Activation of the complement system: The attachment of antibodies to viral proteins on virus-infected cells, tumor cells, or to a microbial cell can activate the complement system leading to cell lysis.
Antibody-dependent cell-mediated cytotoxicity (ADCC): The lytic destruction of infected or tumor cells is mediated by a killer cell (NK, macrophage, neutrophil, eosinophil) that binds to the Fc portion of the bound antibody.

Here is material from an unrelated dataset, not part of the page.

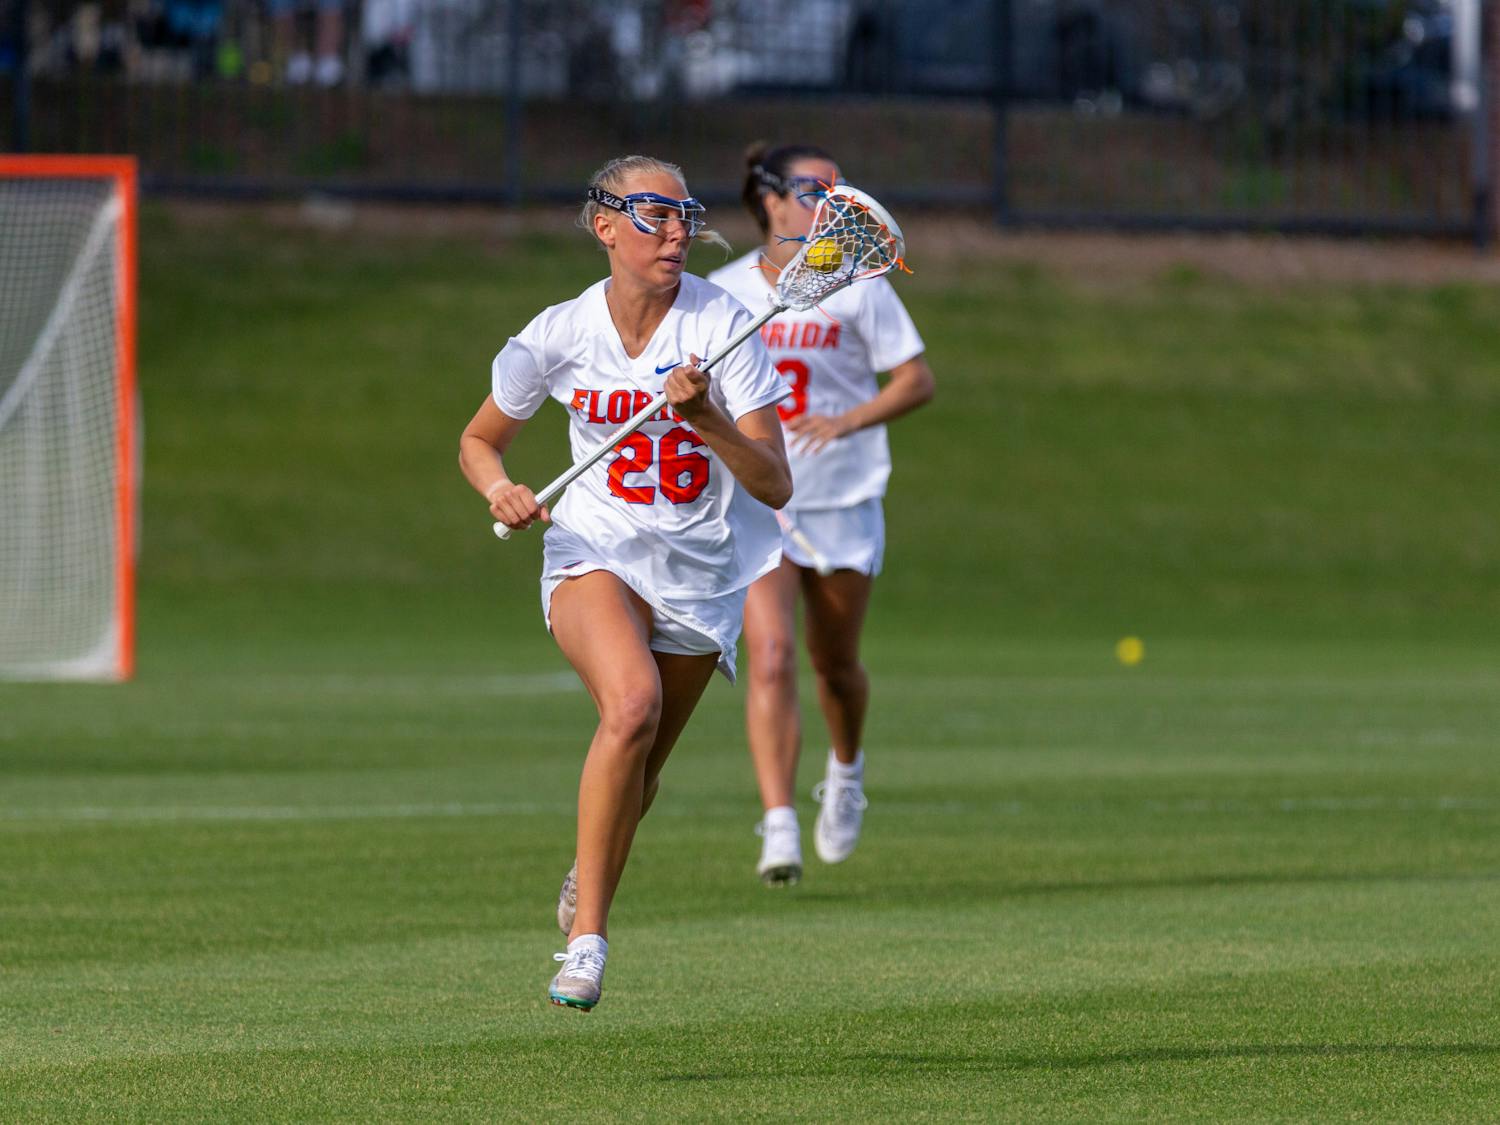 Freshman defender Ashley Dyer runs up the field during the Florida Gators’ Lacrosse game against the Jacksonville Dolphins on Wednesday, February 28. Photo by Ryan Friedenberg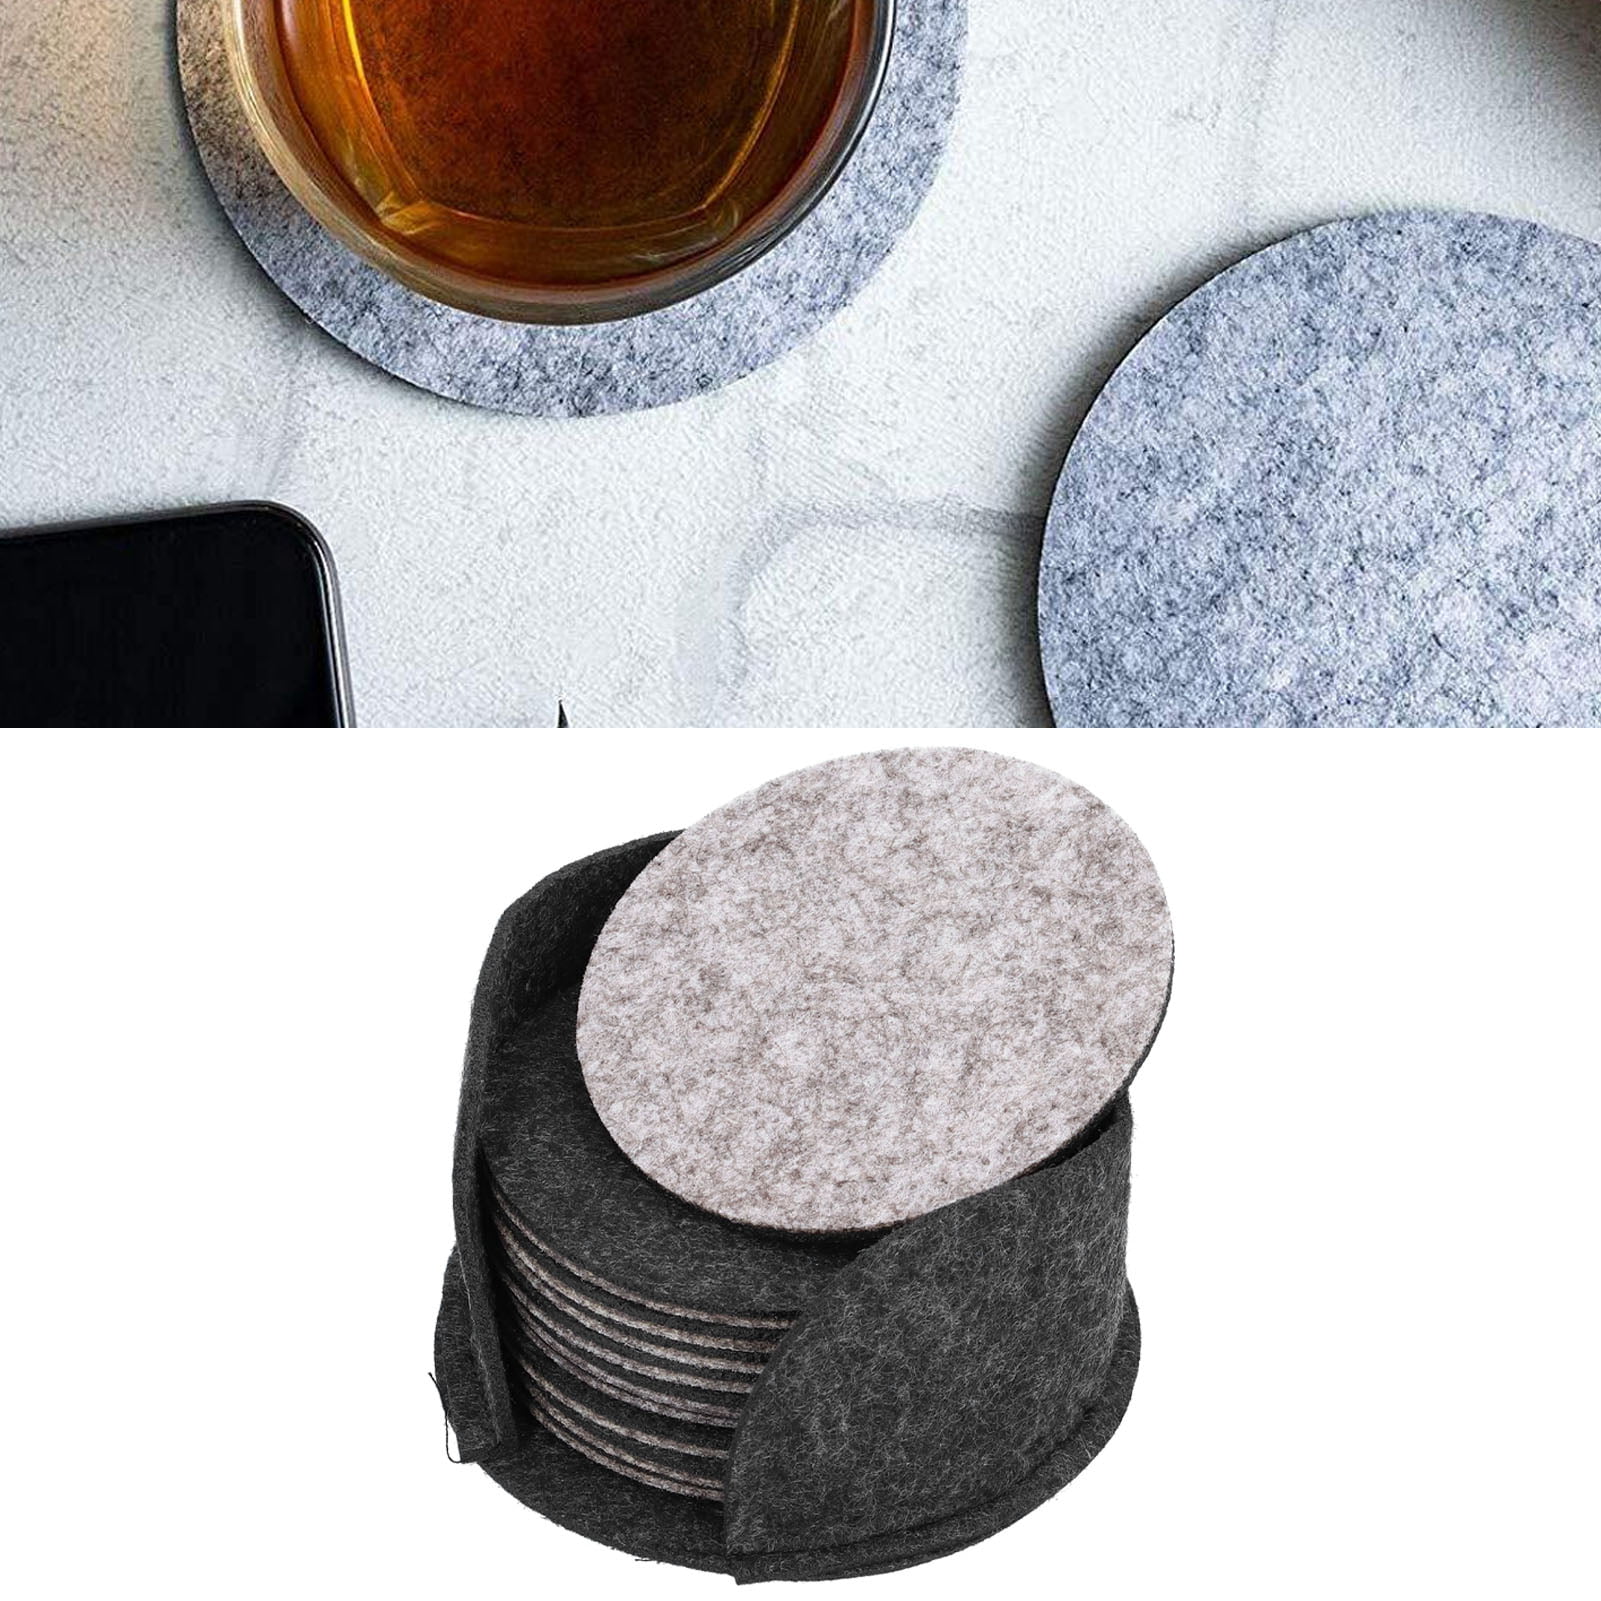 10Pcs Felt Cup Mats Drink Hot Pad Coasters Coffee Table Insulation Non-slip Soft

These are highly specific antibodies produced against a single epitope. They are obtained by fusion of a myeloma cell (malignant plasma cell) with a B cell-producing antibody against a single epitope (derived from the spleen of mice immunized with this epitope).
The resulting fused cell is called (a hybridoma cell), this cell has the ability to produce unlimited quantities of highly specific monoclonal antibodies. This is the murine type. Another humanized one is produced by genetic engineering (recombinant DNA technology). Monoclonal antibodies have several diagnostic and therapeutic uses in the medical field.
Diagnostic use, as in lymphocyte subsets determination, HLA typing (by flow cytometry) and serological tests as ELISA, chemiluminescence and immunofluorescence. Therapeutic as anti-tumour therapy, antiallergic, and immunosuppressive therapy to prevent graft rejection.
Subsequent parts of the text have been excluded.